Technische Lösung greift nicht

Vier Gondeln mit je zwei Passagieren dürfen laut Möller gleichzeitig unterwegs sein. Zum Zeitpunkt des Unfalls am Sonntag befanden sich drei Gondeln im Kurs des "Hexenbesens". Laut Möller fuhr dabei die mittlere Gondel auf die vordere Gondel auf: "Die Insassen der ebenfalls nicht mehr fahrbereiten dritten Gondel konnten wir mit einer Leiter selbst befreien."
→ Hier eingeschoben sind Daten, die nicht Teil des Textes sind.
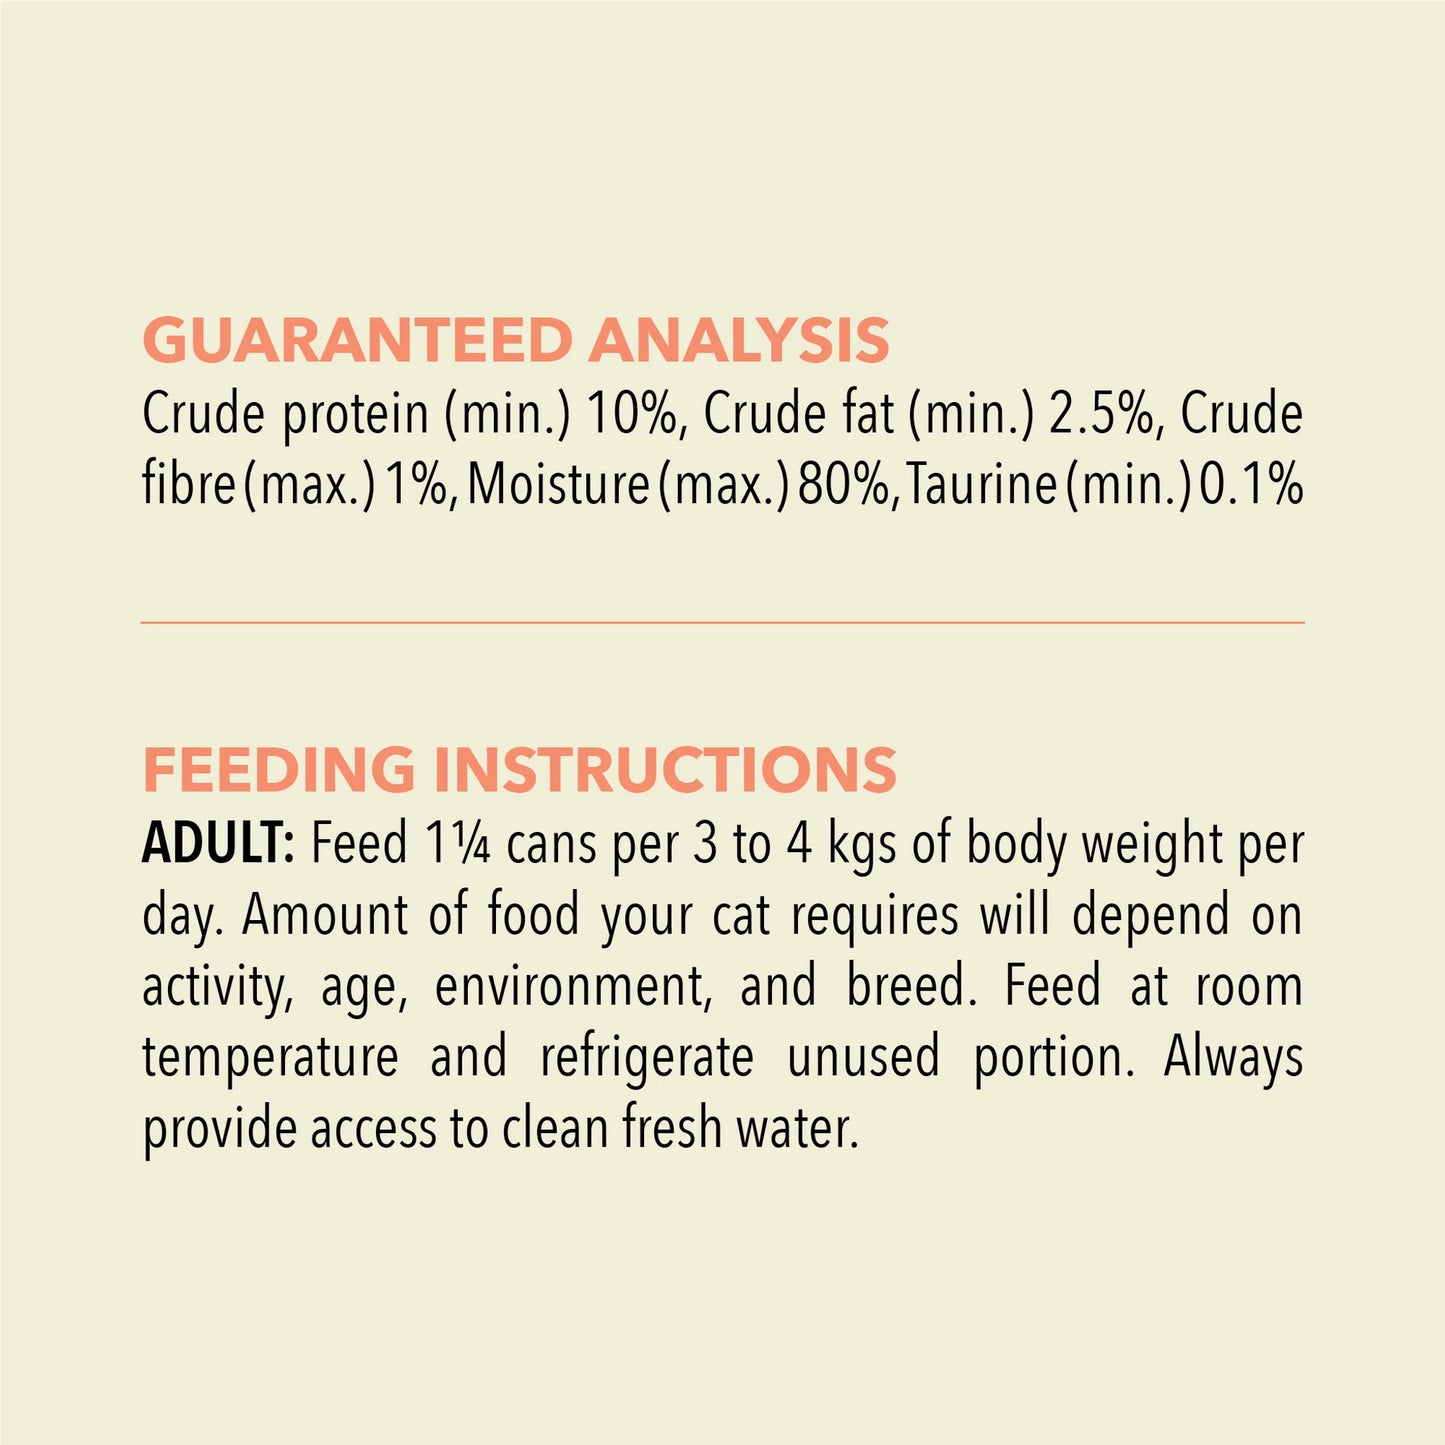 Acana Wet Cat Food Salmon Recipe In Bone Broth  Canned Cat Food  | PetMax Canada

Das sich in der Unfallzeit über Pottenstein entladene Gewitter steht im Mittelpunkt der ersten von von drei polizeilichen Ermittlungshypothesen. "Vielleicht hat ein Blitz in die Steuerungsanlage eingeschlagen", mutmaßt auch Möller. Grundsätzlich verhindere eine Abstandseinrichtung die Kollision von Gondeln. Warum diese technische Lösung am Sonntag nicht griff, sei nun Gegenstand der Ermittlungen. Die Gondel gebaut hat die Josef Wiegand GmbH & Co. KG. Sie ist eine Tochterfirma der Erlebnisberge GmbH und bezeichnet sich selbst als Weltmarktführer im Bau von Sommerrodelbahnen.
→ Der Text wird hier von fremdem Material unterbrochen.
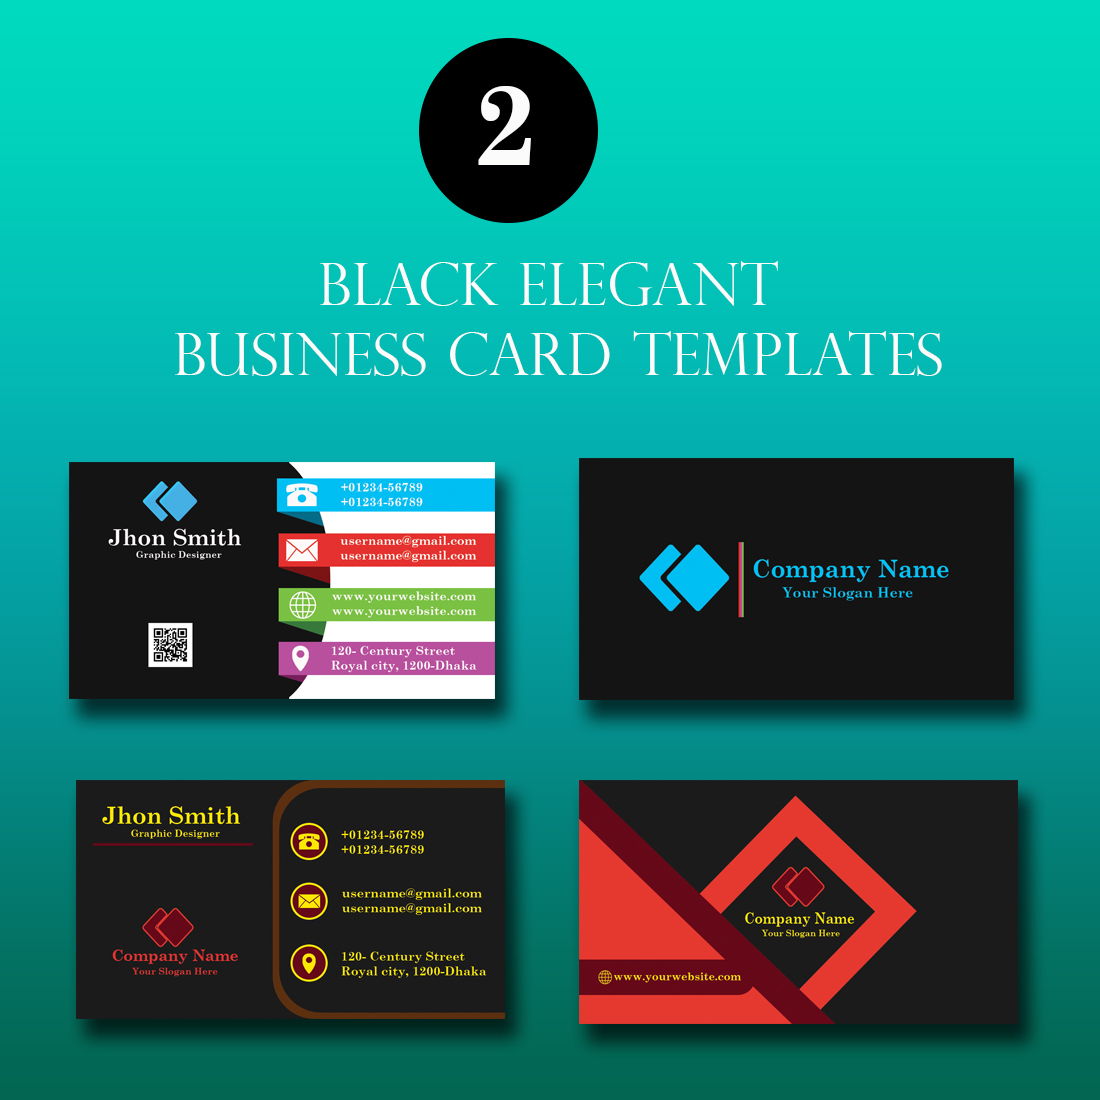 2 Black Creative Elegant Business Card Template cover image.

Weitere Hypothesen der Ermittler sind ein technischer Defekt sowie ein Bedienfehler der Betreiber: "Im Fall eines Bedienfehlers müssten wir wegen fahrlässiger Körperverletzung ermitteln", sagte ein Sprecher der Pegnitzer Polizei.
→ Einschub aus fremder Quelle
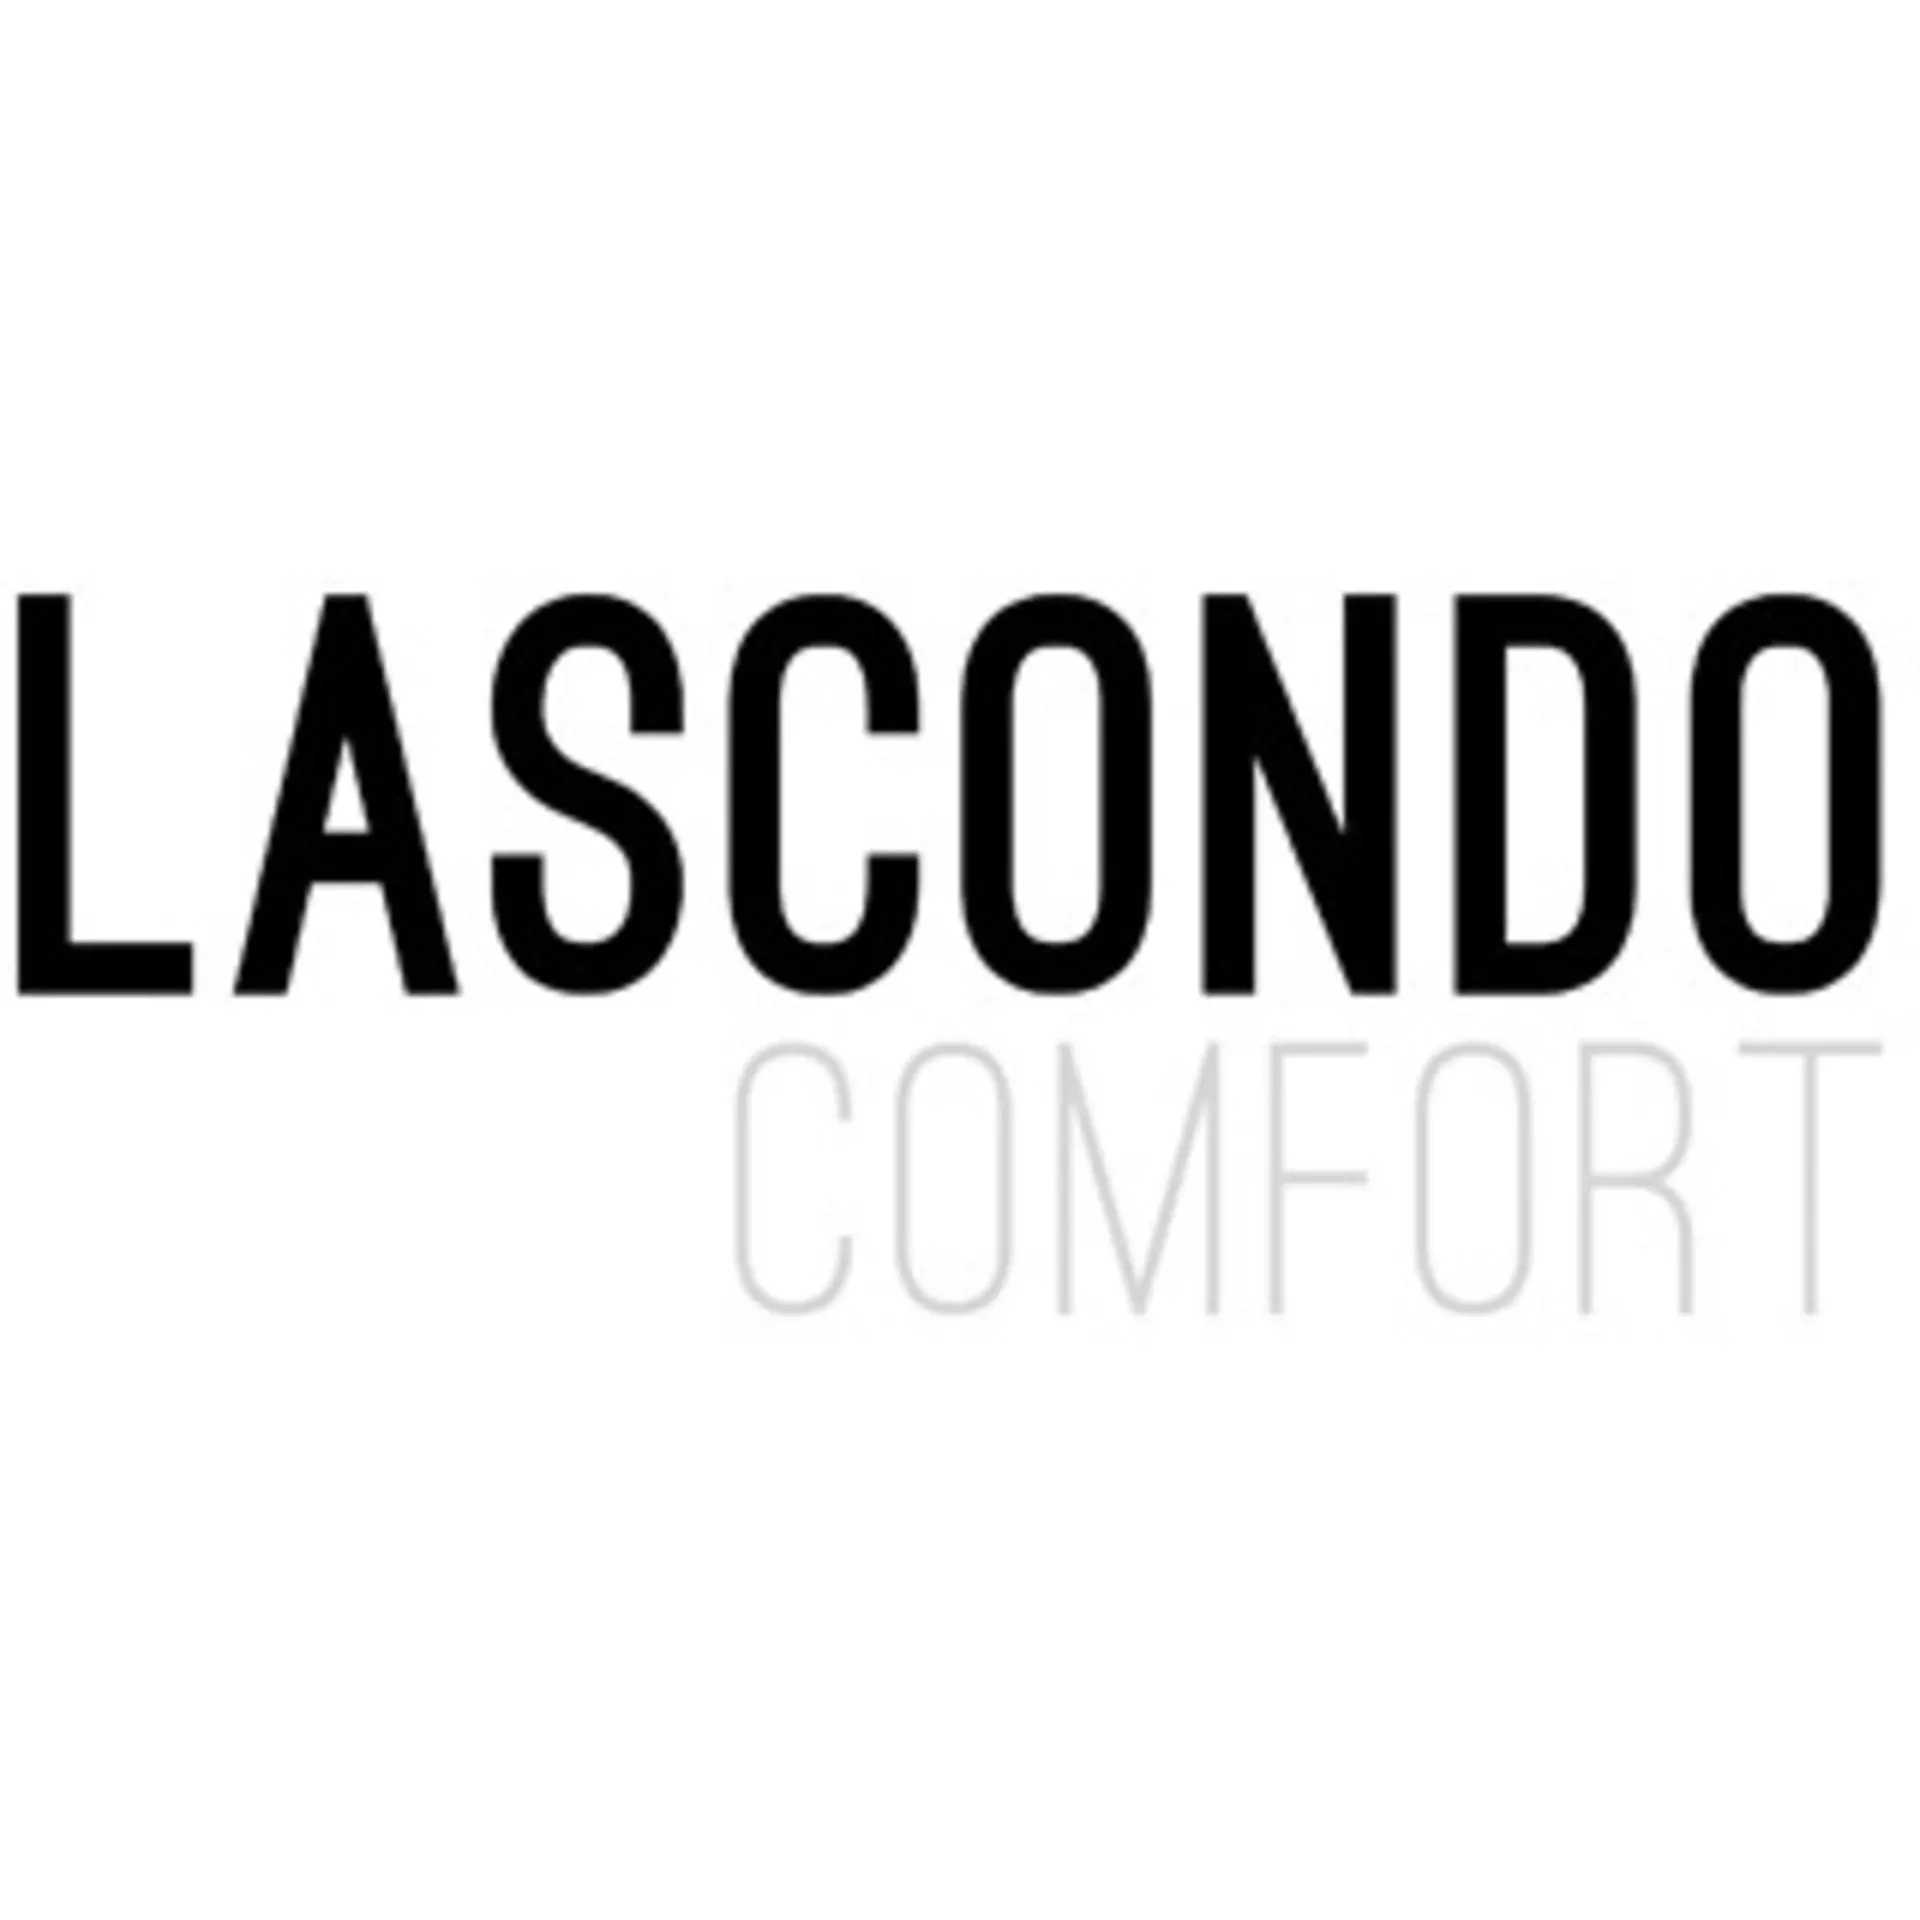 LASCONDO-Comfort Logo

Im Zusammenhang mit einem möglichen technischen Defekt verweist Möller die Abnahme durch den TÜV sowie auf einen mehrwöchigen Testlauf. "Auch bei anderen ,Hexenbesen'-Fahrgeschäften hat es bislang keine Probleme gegeben." Unter anderem fährt der "Hexenbesen" seit rund zwei Jahren im Harz. Der Scheßlitzer Christian Schmidt allerdings will in Pottenstein bereits am Samstag technische Probleme bei dem an diesem Tag frisch in Betrieb genommenen Fahrgeschäft festgestellt haben. "Die Gondeln haben regelmäßig an derselben Stelle gestockt." Beunruhigt habe dieser Umstand jedoch weder Gäste noch Betreiber.


400 000 Fahrten pro Jahr

Der Unfall kommt für die Wiegand Erlebnisberge GmbH zu einem denkbar ungünstigen Zeitpunkt. In wenigen Wochen beginnen die Sommerferien, in denen die Besucherzahlen traditionell hoch sind. Insgesamt 400 000 Einzelfahrten hat der Betreiber 2017 in Pottenstein verkauft.
Am Montag haben sich Wiegand-Mitarbeiter auf den Weg nach Pottenstein gemacht. Sie sollen herausfinden, was die Gondeln kollidieren ließ. Bis dahin bleibt der "Hexenbesen" gesperrt.